ハーシー、売上30億ドルで第4四半期決算を上回る:278ドルの目標は投資家にとって何を意味するか

Gian Estrada9 分読了
レビュー: Thomas Richmond
最終更新日 Feb 17, 2026

重要な要点

  • マージンの崩壊と回復:ハーシーの売上総利益率は、カカオのインフレにより2024年の47%から2025年には34%に低下したが、経営陣は2026年の売上総利益率を41%に戻すよう指針を示した。
  • プレッシャーにもかかわらず増配:ハーシーは昨年2月、四半期配当を1株当たり1.452ドルに引き上げ、年換算配当は6ドルになった。配当性向は126%にとどまっているが、これは経営陣が2026年の1株当たり8~9ドルの収益回復に自信を持っていることを反映している。
  • 価格予測:ハーシー株は2028年12月までに278ドルに達する可能性がある。これは、年平均成長率3%で売上高が120億ドルに達し、営業利益率が23%に回復することを根拠としており、正規化利益に対するPER倍率は24倍である。
  • トータル・アップサイド:ハーシーの278ドルというターゲットは、現在の223ドルから25%のトータル・リターンを意味し、2.9年間で年率8%のリターンとなる。

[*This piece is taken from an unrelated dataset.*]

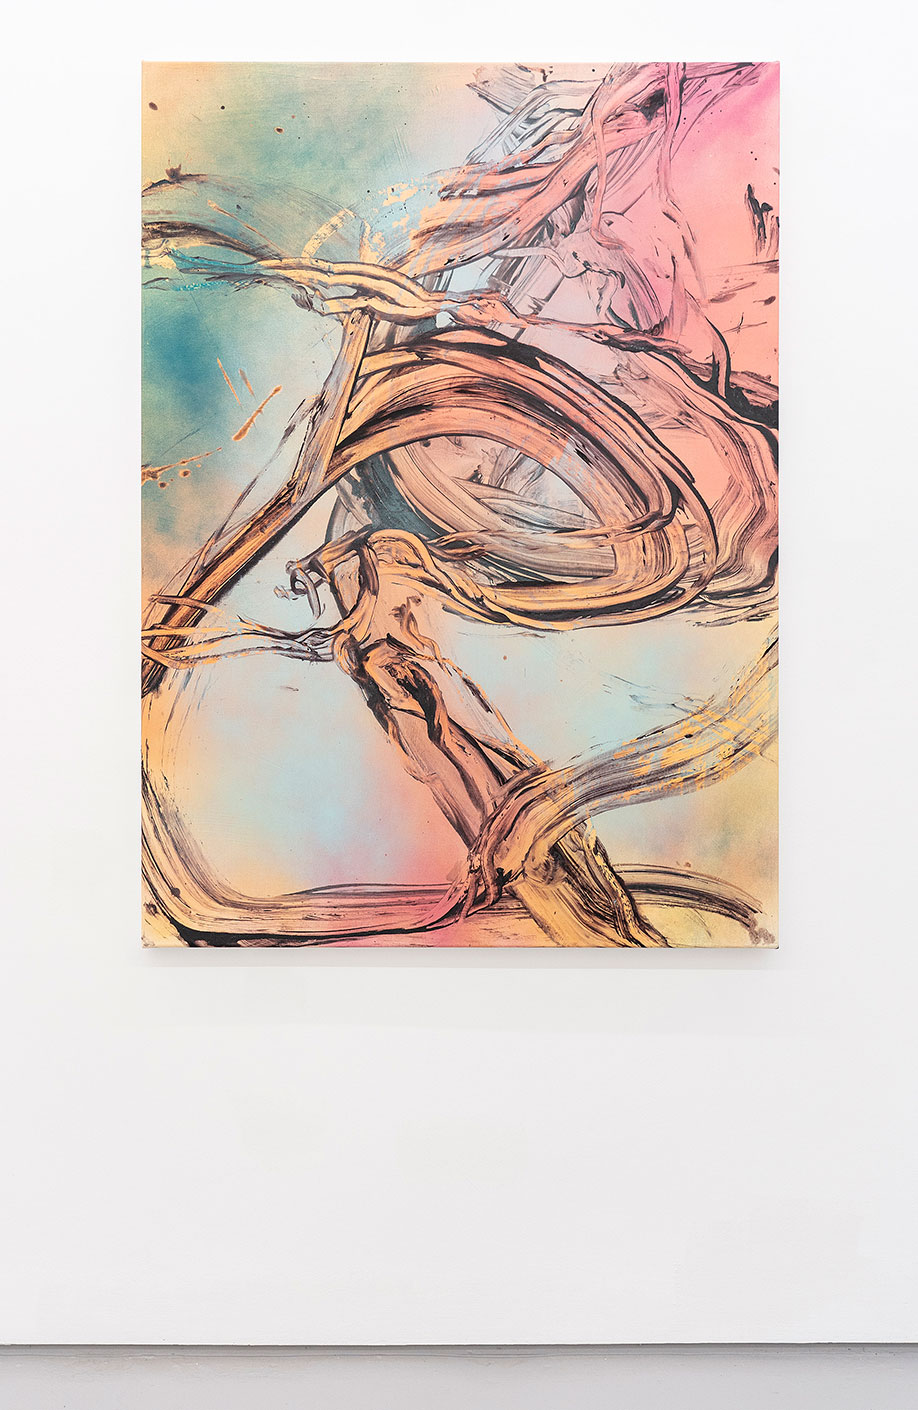 <b>Title:</b>Cloud Rider<br /><b>Year:</b>2018<br /><b>Medium:</b>Acrylic and oil on canvas<br /><b>Size:</b>140 x 100 cm

3月31日のインベスター・デイを前に、ハーシー株の現在の価格がすでにマージン回復のストーリーを完全に反映しているかどうか、TIKRでシナリオ分析を無料で構築して判断してください →。

ハーシー社のケースを分解する

ハーシー・カンパニー(HSY)は、80カ国以上で菓子、塩味スナック、プロテイン製品を販売しており、2026年のコンセンサス売上高は120億ドル、3つの異なる事業セグメントがある。

昨年2月に発表された2025年第4四半期決算では、ソルティースナックが28%増と好調な価格実現により、9月中旬の価格改定による数量減が相殺され、売上高は30億ドルとなり、コンセンサス予想を上回った。

2025年通期の売上高は120億ドルに達したが、売上総利益は26%減の40億ドルに落ち込んだ。

営業利益は48%減の20億ドルとなり、営業利益率は27%から13%へと低下した。

経営陣は2026年の調整後EPSを8~9ドルとし、30%の業績回復を示唆したが、これは2億3,000万ドルの効率化節約と1桁台前半の総原価の減少に支えられている。

カーク・タナー最高経営責任者(CEO)は直接次のように述べた。"我々は、持続可能な売上成長を加速させ、マージンを回復させ、ハーシーを長期的な成功に導くという明確かつ集中的なコミットメントを持ち、有意義なモメンタムを今年に持ち越す"。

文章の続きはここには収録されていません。